Notice how the kings are instructed to be wise, warned, and to serve the LORD in verses 10 and 11 but then commanded to kiss the Son in verse 12. This is quite similar to the proto-Evangelion in Genesis 3:15 where God says, “I will put enmity between you and the woman, and between your offspring and her offspring; he shall bruise your head, and you shall bruise his heel.” Indeed, this is another confirmation of the eternal relationship between the Father and the Son in the Trinity. For we are to be obedient to and to love them both, for “There be three persons in the Godhead, the Father, the Son, and the Holy Ghost: and these three are one true, eternal God, the same in substance, equal in power and glory; although distinguished by their personal properties.” (Westminster Larger Catechism, Q. 9).
Moreover, notice that after a declaration of the King’s supremacy there is not a call of swift judgment but rather merciful kindness in providing the opportunity for repentance and obedience. Even now, this kindness is still being offered. But one day it will no longer be offered and the King will indeed come and rule with an iron rod and claim His inheritance. For now, there is still an opportunity for repentance; thus do not let our evangelism outreach and prayers stop now; for every day is a new measure of kindness from God. And every day is a new opportunity from God to continue growing in Him. Thus, kiss the Son, love Him, pledge your allegiance to Him solely lest you perish in the way, and not stand in judgment (Psalm 1:6).
Research Notes:
“Psalm 2 ushers the worshiper into God’s throne room. It reminds us that David’s emergence as a king from Judah was a midcourse confirmation between God’s promise to Abraham and his descendant bringing the final kingdom to earth (Gen. 49:10, Gen. 12:1-3, Matt 3:2). The first hint that the psalm refers to David’s Greater Son is in the title “Anointed,” which is Messiah in Hebrew and Christ in Greek (Ps 2:2, Acts 10:38).

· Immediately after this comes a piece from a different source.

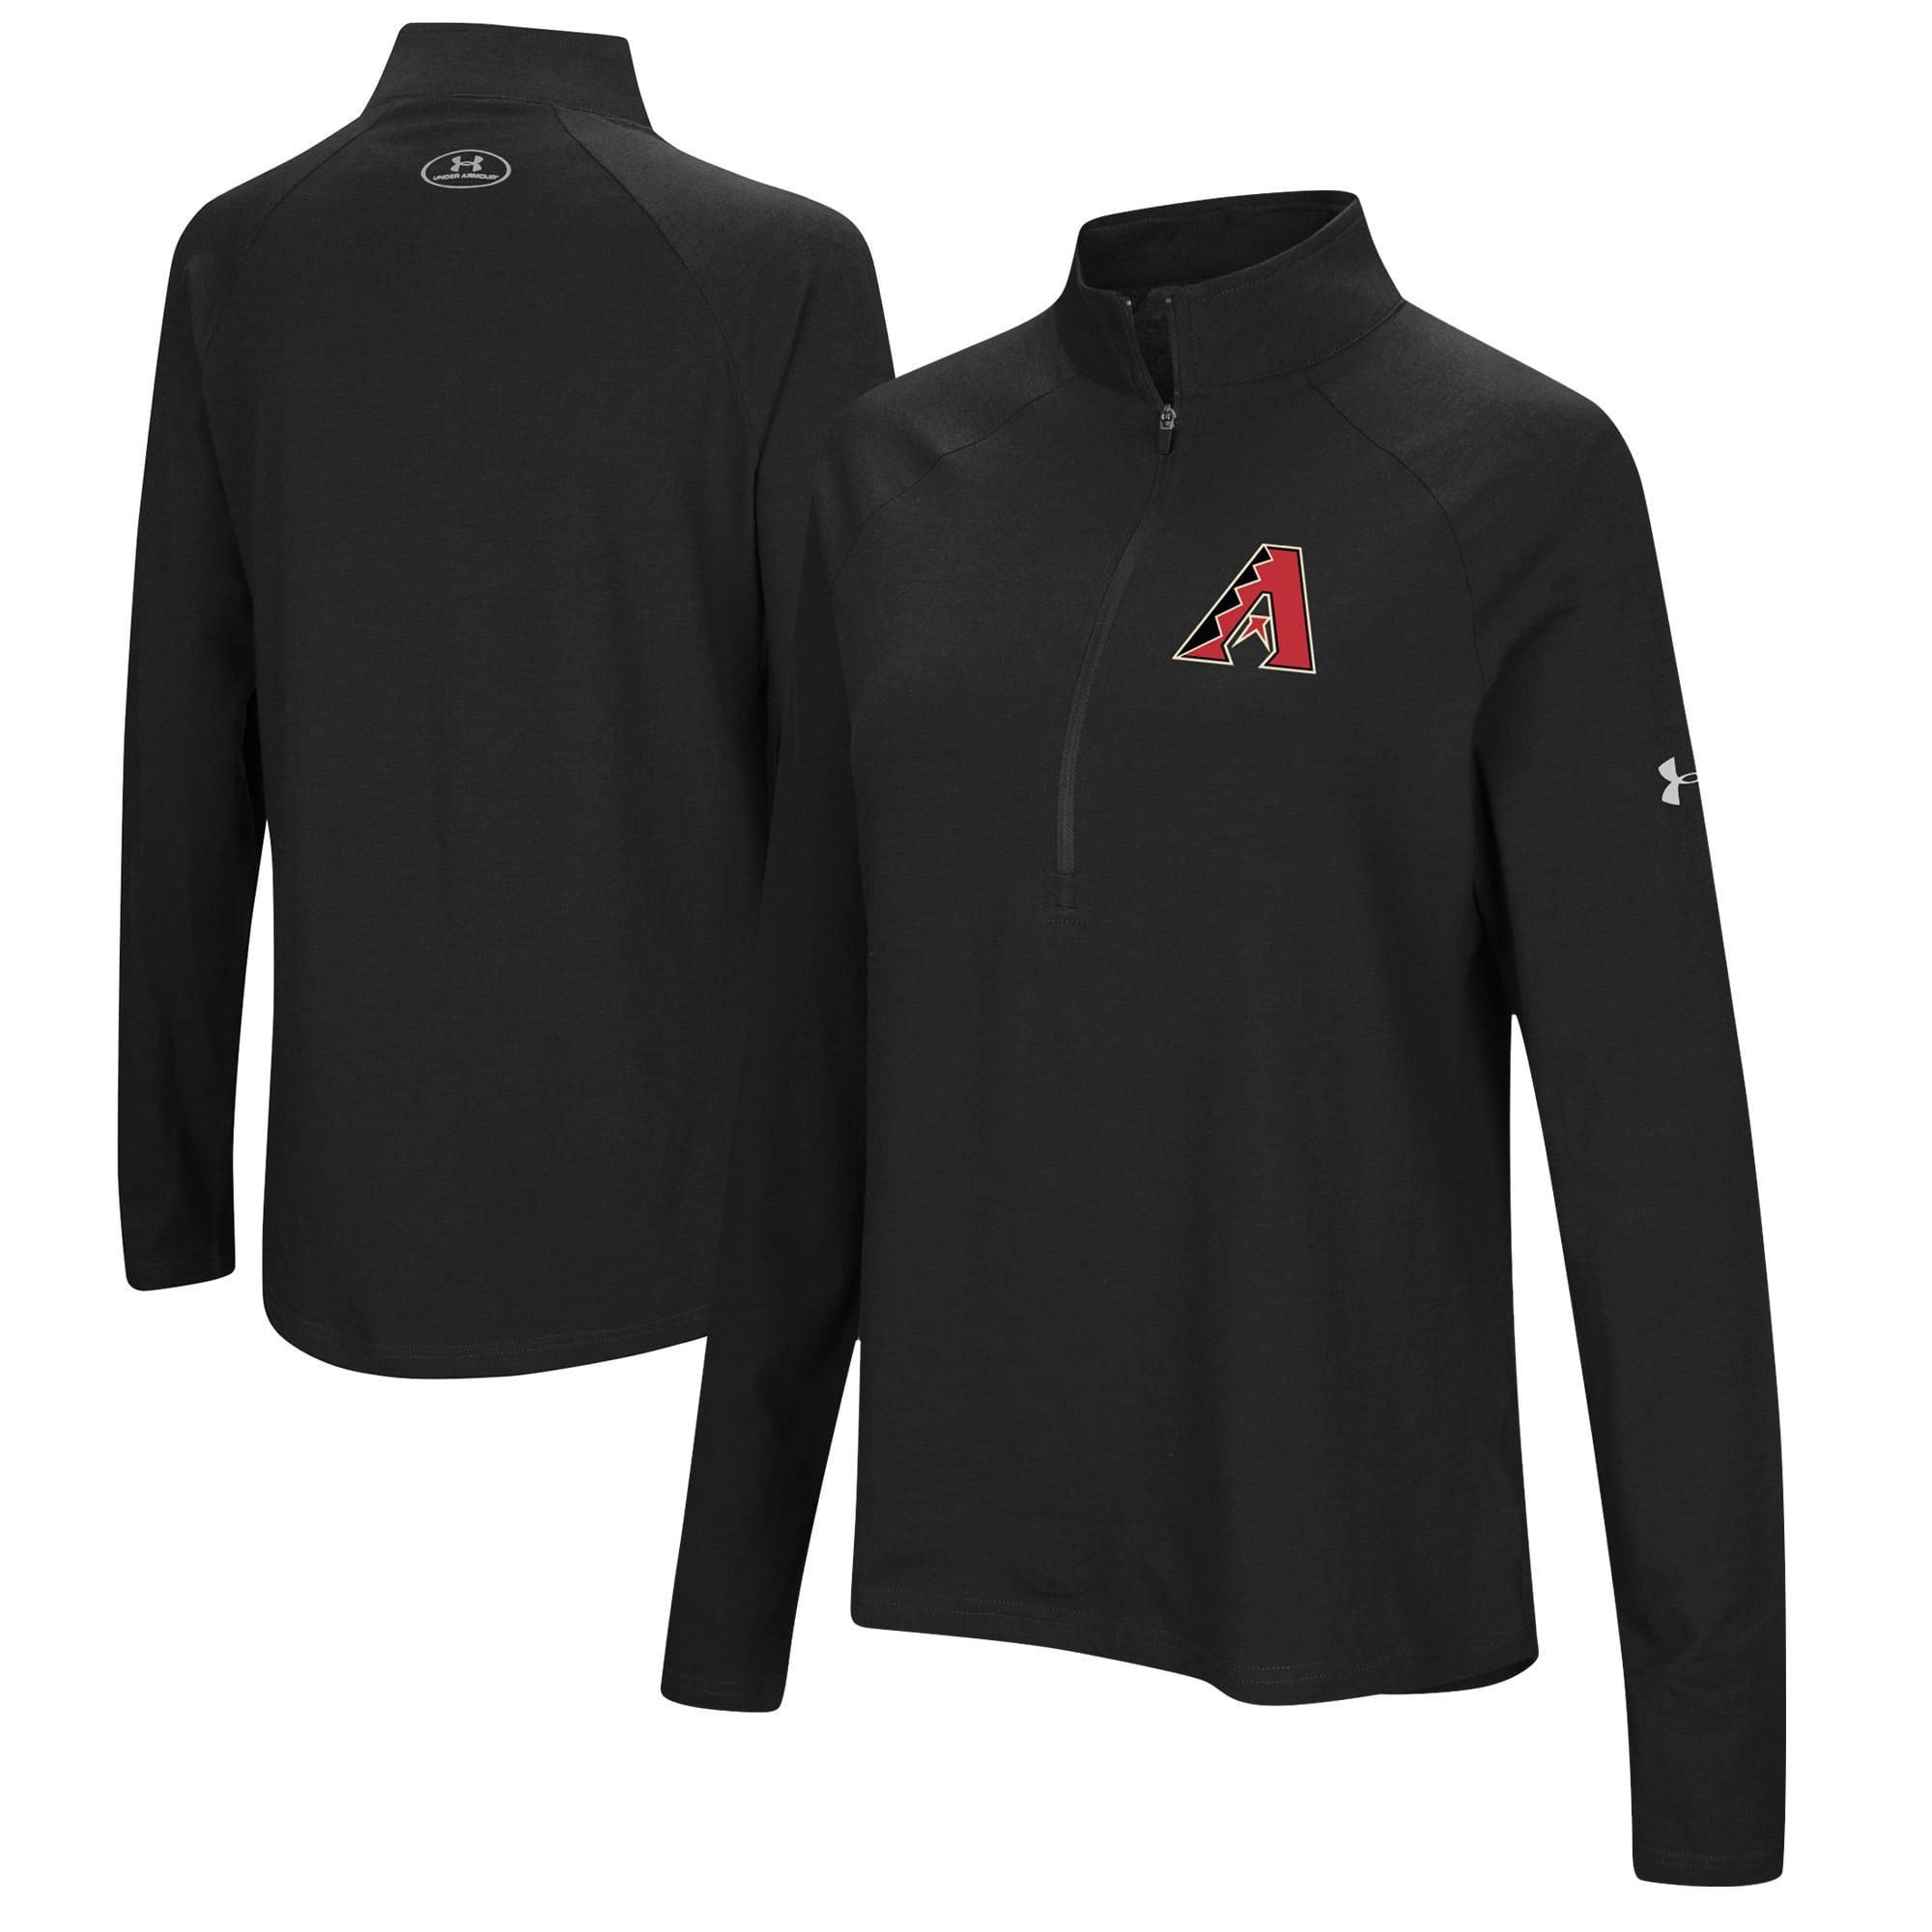 Arizona Diamondbacks Under Armour Women's Passion Performance Tri-Blend Raglan Half-Zip Pullover Jacket - Black

Another clue is the prophecy of worldwide rule that demands a King with infinitely greater powers than David, but which also accords with God’s promise to David of an eternal and worldwide kingdom established by his descendants (Ps 2:8-9, 2 Sam. 7:12-14; Rev. 2:27; 12:5; 19:5). The apostles preached the gospel from this psalm. The author of Hebrews explained that Christ was this “Son” whom God sent into the world-the only Son who could truly fulfill the promises to David (Ps. 2:7, Heb. 1:5).
Peter preached that Christ’s cross was the epitome of the nations’ rage (Ps 2:1, Acts 4:25-27). Paul revealed that Christ’s coronation occurred after his resurrection (Ps. 2:6, Acts 13:33, Romans 1:4) and that he blesses the nations as they obey him by faith (Ps 2:10; Romans 1:5). John showed that salvation or damnation depends on one’s relationship to the Son (Ps. 2:12a; John 3:36). And Ephesians calls Christians to live courageously in the face of worldwide spiritual rebellion because Christ is actively ruling over all of reality (Ps. 2:12b; Eph 1:20-22). In these various ways the NT reveals that ultimately Christ himself is the King who fulfills Psalm 2.” Gospel Transformation Study Bible, 724).
Meditation: Read it, again and again, and again, then memorize it for deeper/fuller reflection to find joy in God and rich satisfaction from His word.
Helpful Links:
How to Meditate on a verse (Video)
What does it mean to meditate? (Video)
How to milk a text through mediation (Video)
Warm Yourself at the Fires of Meditation (Article)
Discussion Questions:
What would you like to study for Phase 3?
What will you meditate on this week? And would you be so kind as to share it (whether good or bad) in the chat?
Recall the prayer of the early church in Acts in using the OT for their encouragement. Can you think of a time when the OT was similarly encouraging/uplifting/helpful to you?